The failure mode reported by [~rehn] is a crash here: ==8527== at 0x52071BB: ThreadsList::length() const (threadSMR.hpp:173) ==8527== by 0x6424C9E: ThreadsSMRSupport::print_info_elements_on(outputStream*, ThreadsList*) (threadSMR.cpp:1059) ==8527== by 0x64248E2: ThreadsSMRSupport::print_info_on(outputStream*) (threadSMR.cpp:1002) ==8527== by 0x641AEEA: Threads::print_on_error(outputStream*, Thread*, char*, int) (thread.cpp:4685) ==8527== by 0x64AA164: VMError::report(outputStream*, bool) (vmError.cpp:807) so we're in a VMError::report() and run into problems when we call ThreadsSMRSupport::print_info_on() which calls ThreadsSMRSupport::print_info_elements_on() on a ThreadsList that has been freed. I believe this issue was fixed via the following bug fix: JDK-8231627 ThreadsListHandleInErrorHandlingTest.java fails in printing all threads Here's the PR description for the fix: > A small robustness fix in ThreadsSMRSupport::print_info_on() to reduce the > likelihood of crashes during error reporting. Uses Threads_lock->try_lock() > for safety and restricts some reporting to when the Threads_lock has been > acquired (depends on JDK-8256383). Uses a ThreadsListHandle to make > the current ThreadsList safe for reporting (depends on JDK-8258284). Also > detects when the system ThreadsList (_java_thread_list) has changed and > will warn that some of the reported info may now be stale.
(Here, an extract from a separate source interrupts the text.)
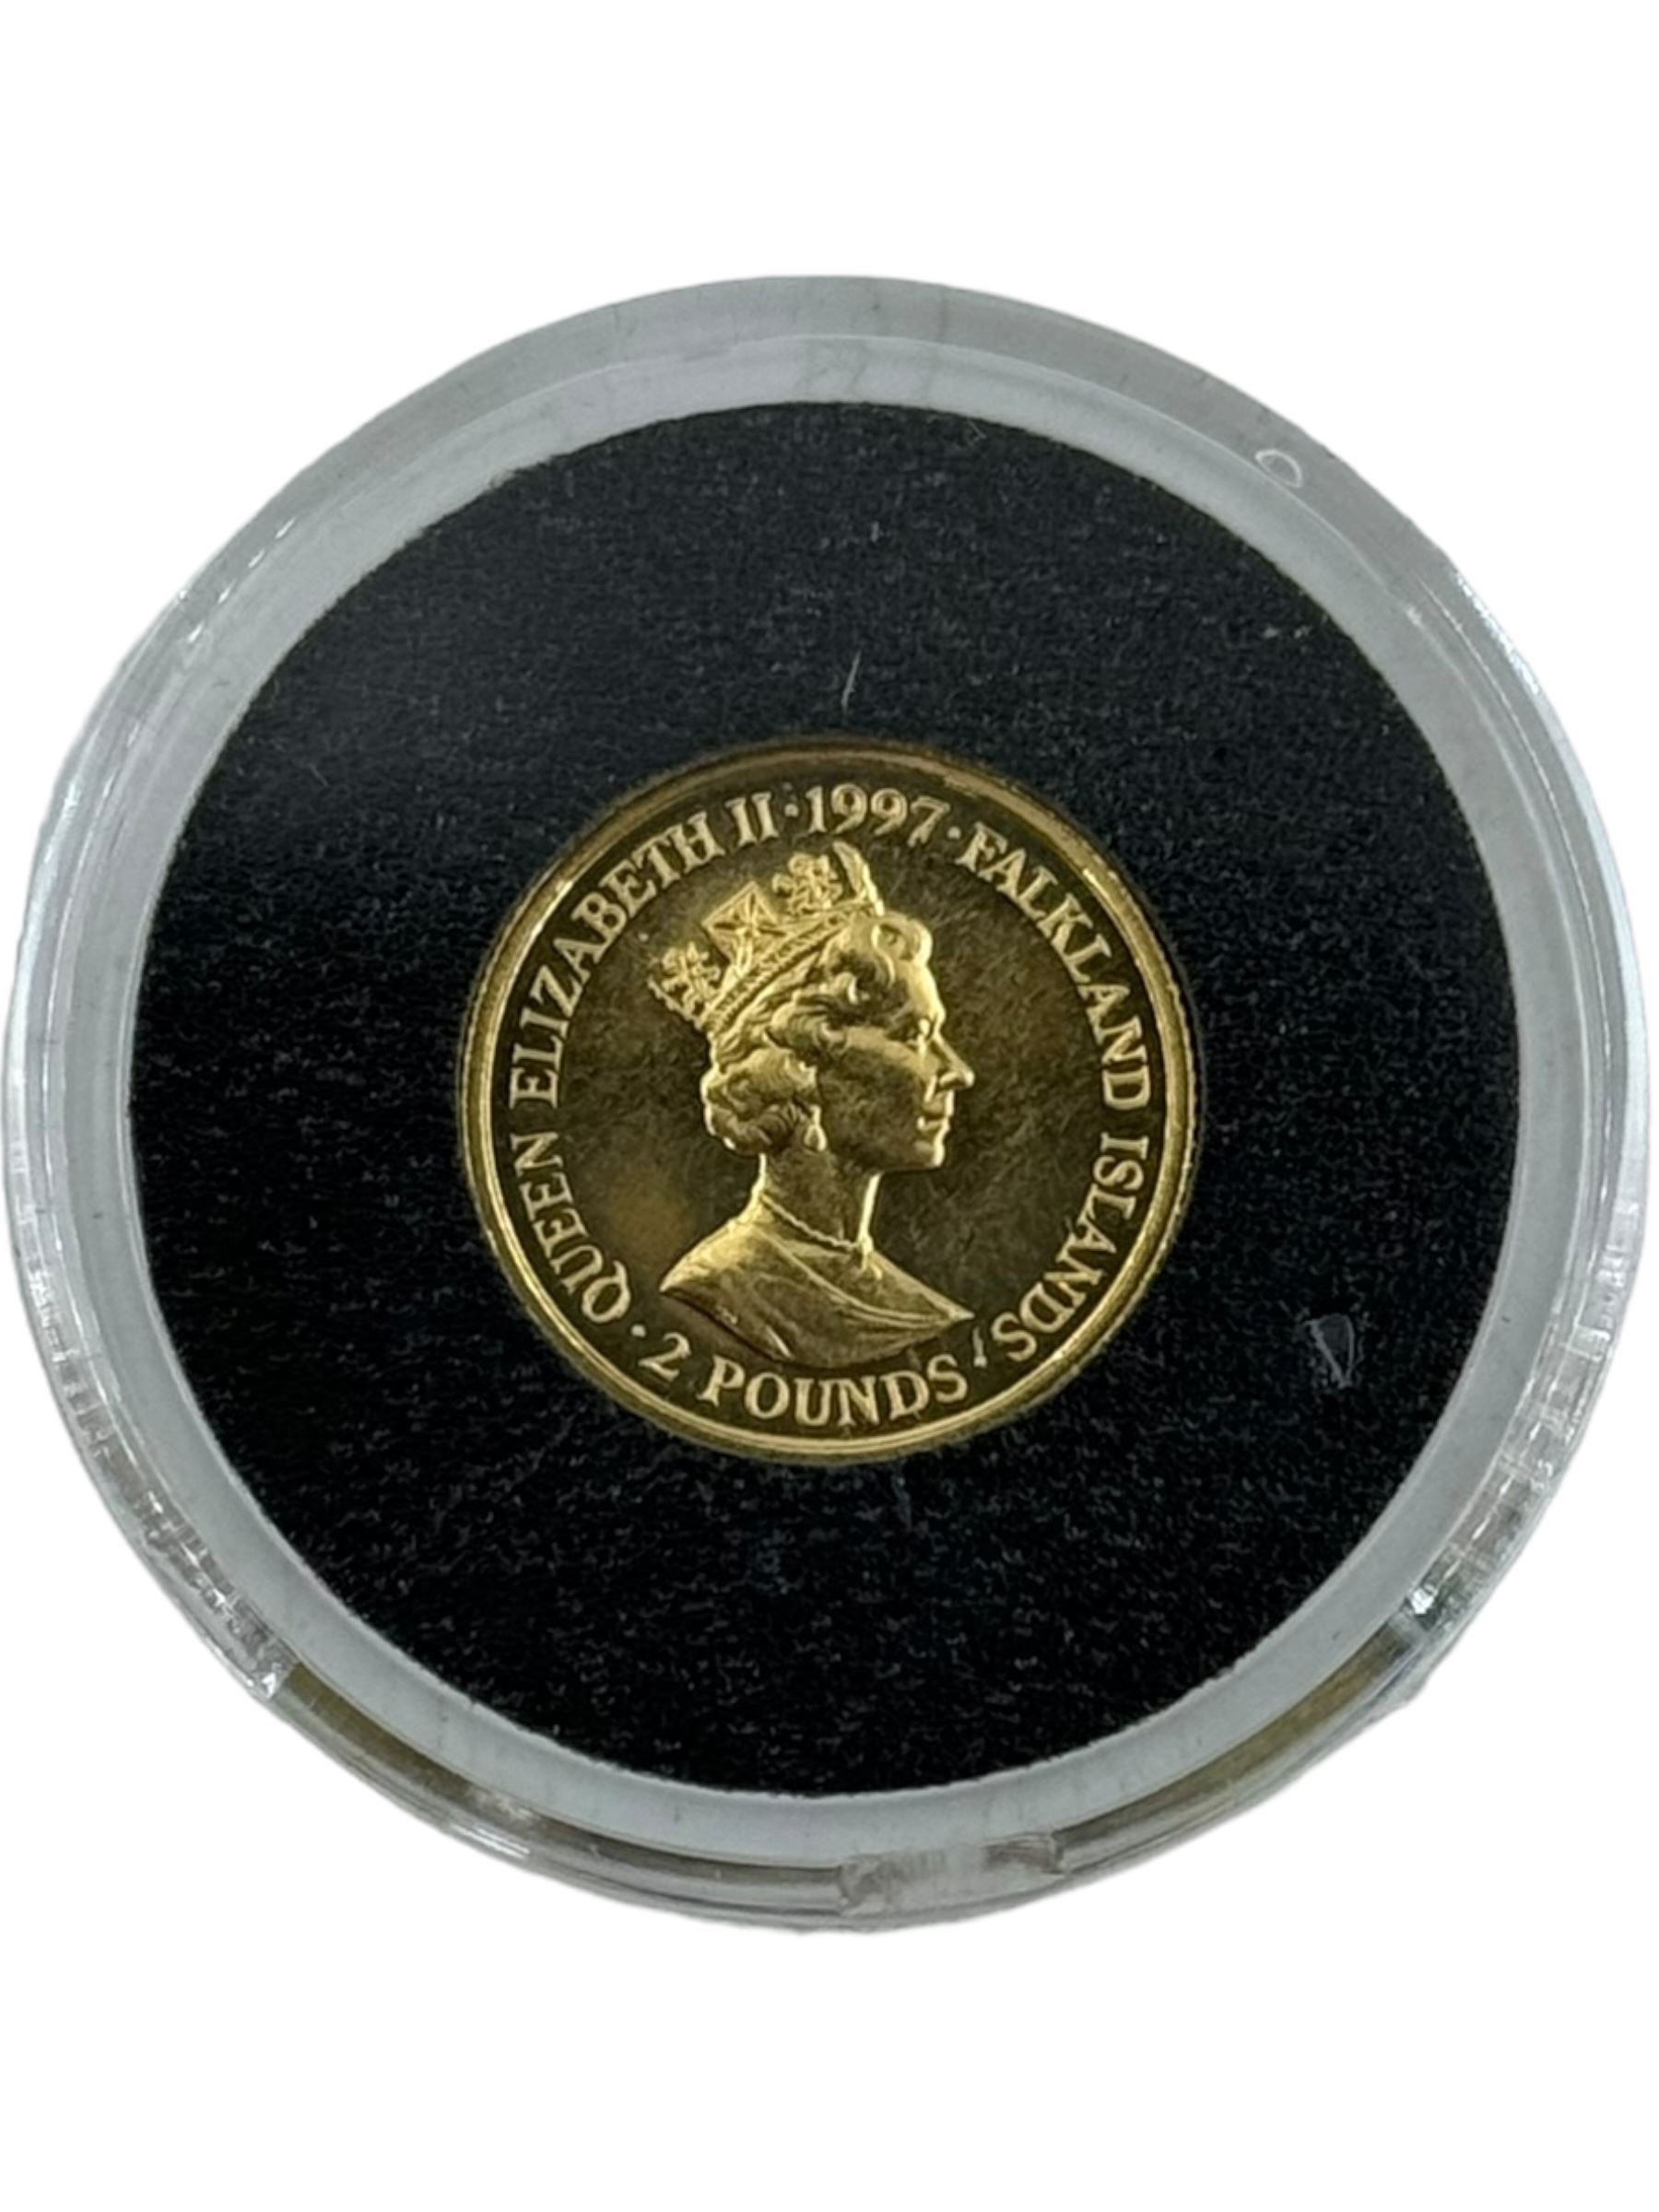 Four one twenty-fifth of an ounce 24 carat gold coins - Image 2 of 9
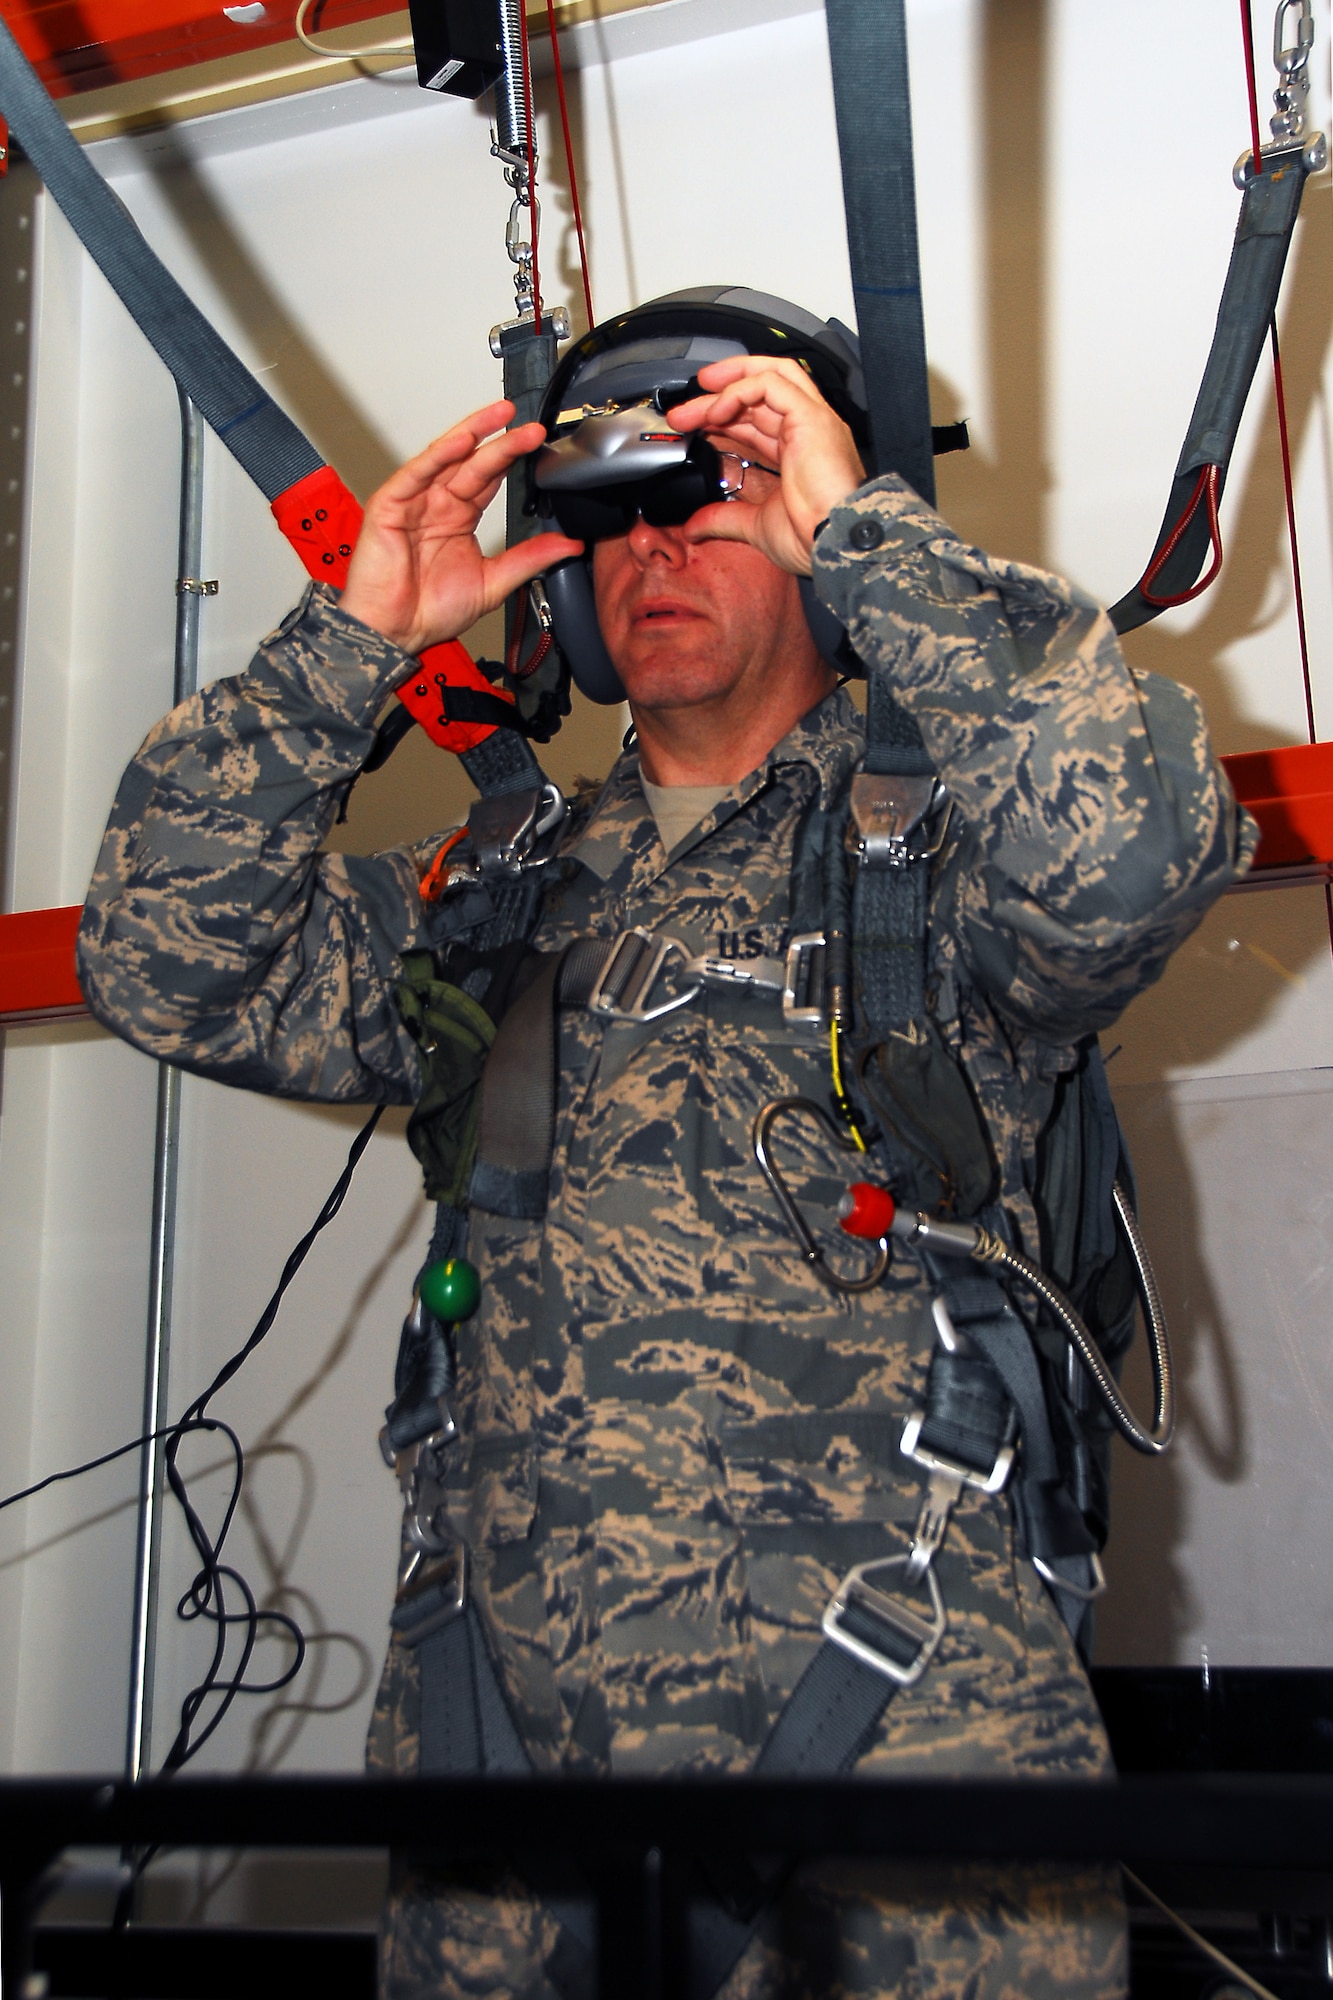 Chief Master Sergeant Steven Larwood, 22nd Air Force command cheif, straps in a parachute simulator and jumps to his virtual destination in the 403rd Aircrew Flight Equipment shop. As part of his job, he makes monthly visits to wings assigned to the 22nd AF to encourage Airmen and listen to their ideas and concerns. (U.S. Air Force Photo by Senior Airman Tabitha Dupas)

The specific changes in JDK-8231627 that I believe address this bug: - Uses a ThreadsListHandle to make the current ThreadsList safe for reporting (depends on JDK-8258284). - The first print_info_elements_on() call using saved_threads_list is now made using a ThreadsList that is protected by a ThreadsListHandle. - Uses Threads_lock->try_lock() for safety and restricts some reporting to when the Threads_lock has been acquired (depends on JDK-8256383). - The second print_info_elements_on() call using _to_delete_list is now made only if the calling Thread owns the Threads_lock. Since the Threads_lock is owned, the _to_delete_list cannot be modified. So I think that this issue is resolved and should be closed as a duplicate of: JDK-8231627 ThreadsListHandleInErrorHandlingTest.java fails in printing all threads [~rehn] - Please let me know if you concur with my analysis here.
08-02-2021

Hmmmm... what about recognizing VMError::is_error_reported() in the ThreadsList freeing code and not freeing a ThreadsList in that case? We leave it on the to-be-freed list... so it's not "leaked", but it's not deleted either. Of course, that's still racy... it would be possible for the ThreadsList deleting thread to see '!VMError::is_error_reported()' and do the 'free' just as the crash reporting thread sees VMError::is_error_reported() and skips the Threads_lock grab...
14-12-2017

So this function: open/src/hotspot/share/runtime/thread.cpp: // Threads::print_on_error() is called by fatal error handler. It's possible // that VM is not at safepoint and/or current thread is inside signal handler. // Don't print stack trace, as the stack may not be walkable. Don't allocate // memory (even in resource area), it might deadlock the error handler. void Threads::print_on_error(outputStream* st, Thread* current, char* buf, int buflen) { ThreadsSMRSupport::print_info_on(st); st->cr(); which we clearly recognize as dangerous... and it results in a call to: open/src/hotspot/share/runtime/threadSMR.cpp: // Print Threads class SMR info. void ThreadsSMRSupport::print_info_on(outputStream* st) { // Only grab the Threads_lock if we don't already own it // and if we are not reporting an error. MutexLockerEx ml((Threads_lock->owned_by_self() || VMError::is_error_reported()) ? NULL : Threads_lock); st->print_cr("Threads class SMR info:"); where we skip grabbing the Threads_lock when we are reporting errors (because of the deadlock risk) and we call this function: open/src/hotspot/share/runtime/threadSMR.cpp: print_info_elements_on(st, _java_thread_list); Here's we're accessing the system JavaThread ThreadsList and we aren't using a ThreadsListHandle (because a nested ThreadsList would results in a Threads_lock grab...). So if we're reporting an error, then we're running the risk of accessing the '_java_thread_list' field without a Threads_lock. We might have just started our print_info_elements_on() call on a _java_thread_list value that was just replaced and freed. I know we ran into this during the last couple of months of testing, but we didn't have any good solutions. We don't want to always grab the Threads_lock because that can lead to deadlocking during error reporting... No good solutions are coming to mind... error reporting is such a dangerous place to be...
14-12-2017